ETL Developer - Pyspark
Vista Applied Solutions Group Inc
Job Description
We are looking for a skilled ETL Developer to support a strategic data migration initiative involving the transition from Informatica to PySpark. This is a highly collaborative role requiring strong technical expertise in PySpark and Python, along with excellent communication skills to work across departments for requirements gathering and solution implementation. Key Responsibilities Design, develop, and optimize PySpark data processing workflows for large-scale datasets.
Build and maintain real-time and batch data pipelines leveraging Apache Kafka . Write clean, efficient, and maintainable Python code for data transformation, ETL, and automation. Develop shell scripts and other automation scripts to support data workflows and operational tasks.
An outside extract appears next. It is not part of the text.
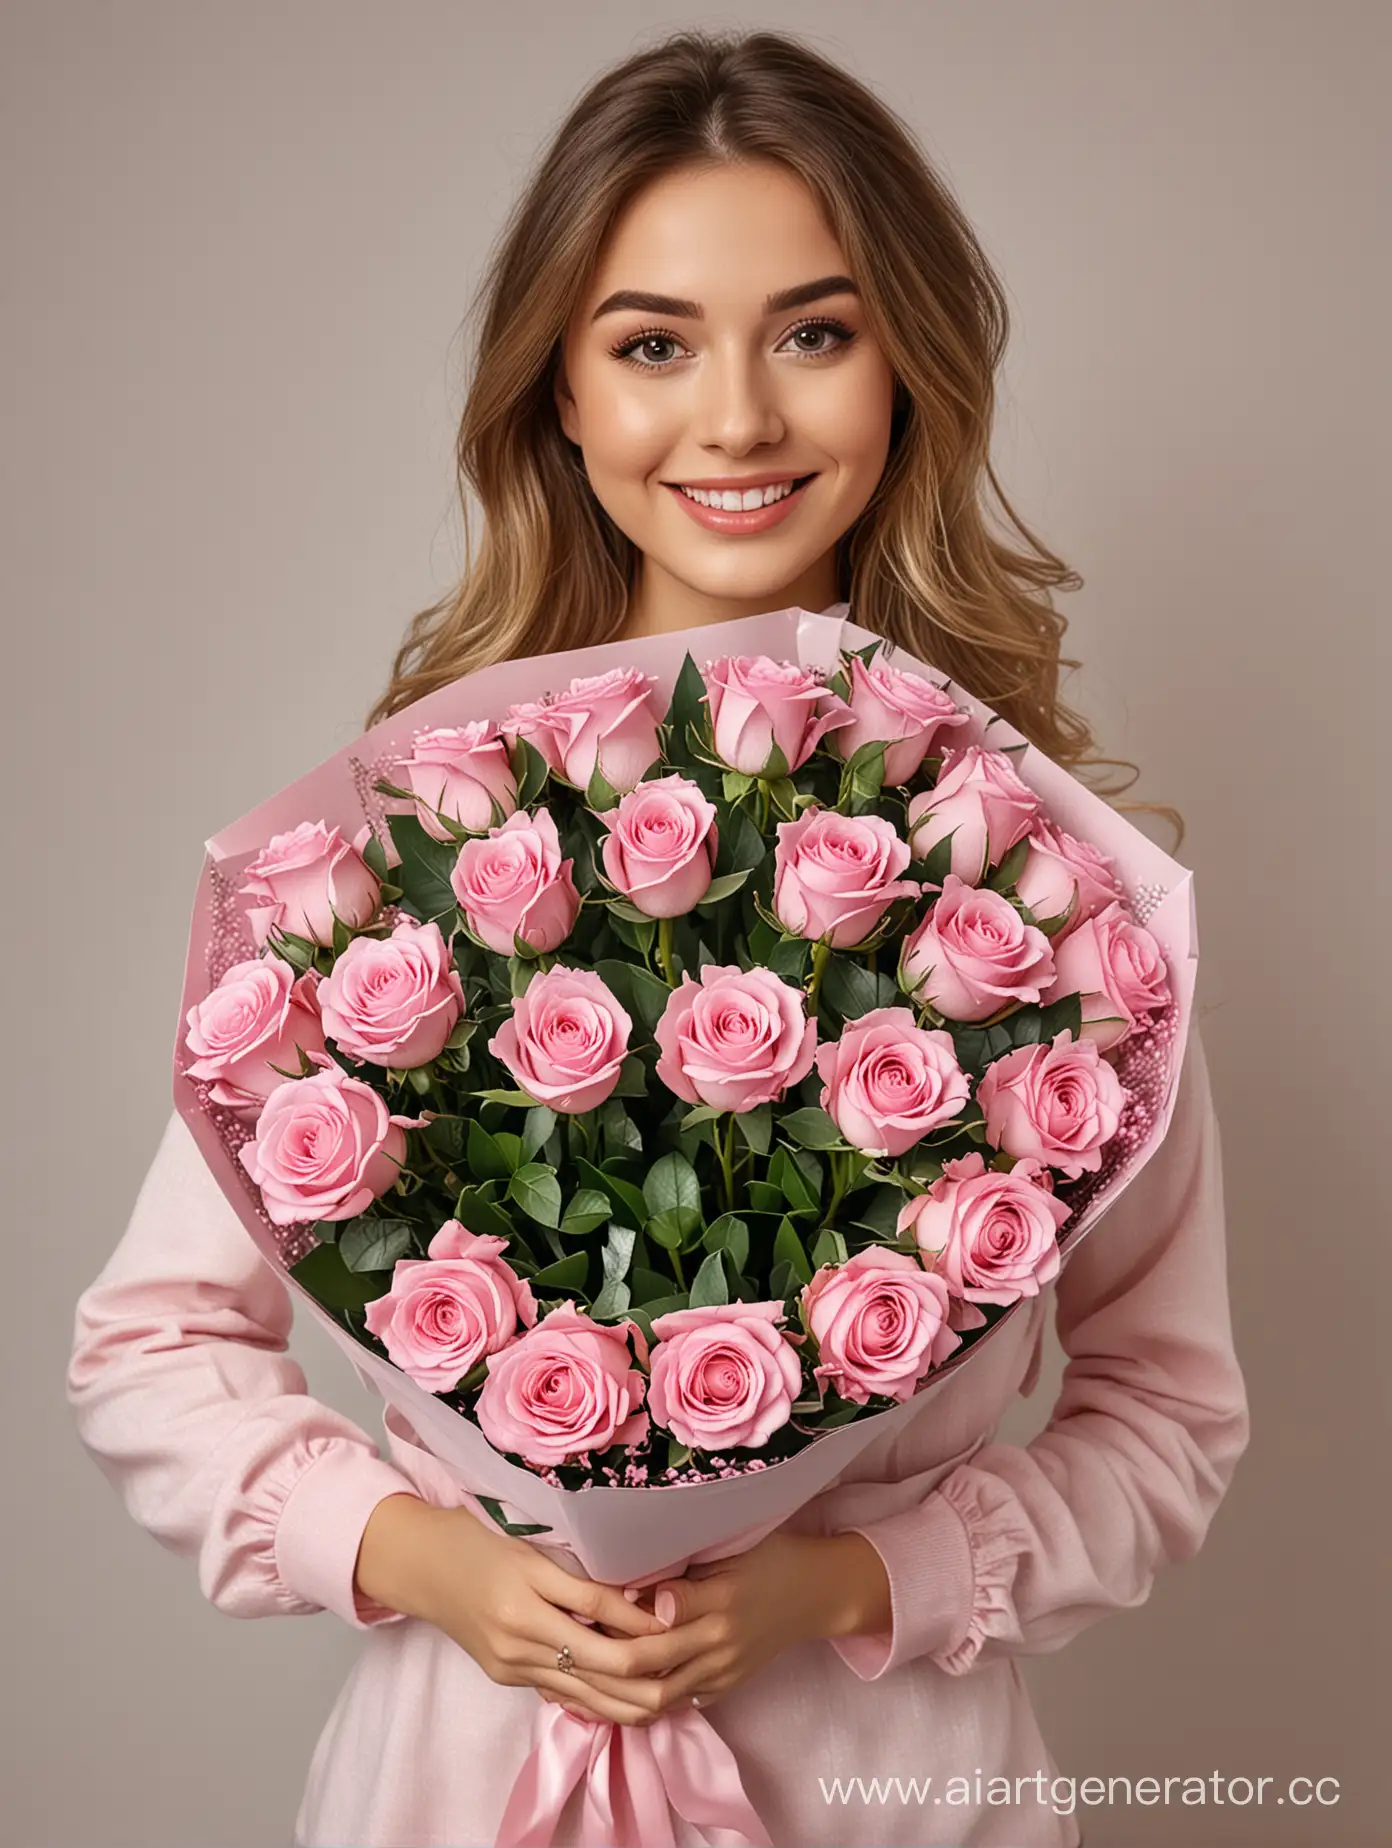 Фото реалистичное, на нем Красивая счастлива девушка с букетом цветов из 11 нежно розовых шикарных роз в упаковке, которые она показывает в кадр

Work with relational databases (e.g., PostgreSQL, MySQL, SQL Server, Oracle) to write efficient SQL queries, manage schemas, and optimize performance. Collaborate closely with data engineers, analysts, and platform teams to deliver end‑to‑end data solutions. Troubleshoot and improve existing pipelines, ensuring performance, reliability, and scalability.
Follow best practices in version control, CI/CD, documentation, and code reviews. Required Qualifications Bachelor's degree in Computer Science or a related technical discipline is required 5+ years of hands‑on development experience in data engineering or backend engineering roles. Strong proficiency in: PySpark (RDDs, DataFrames, Spark SQL, performance tuning) Scripting (Bash, Shell, or similar) Experience working with relational databases and writing optimized SQL queries.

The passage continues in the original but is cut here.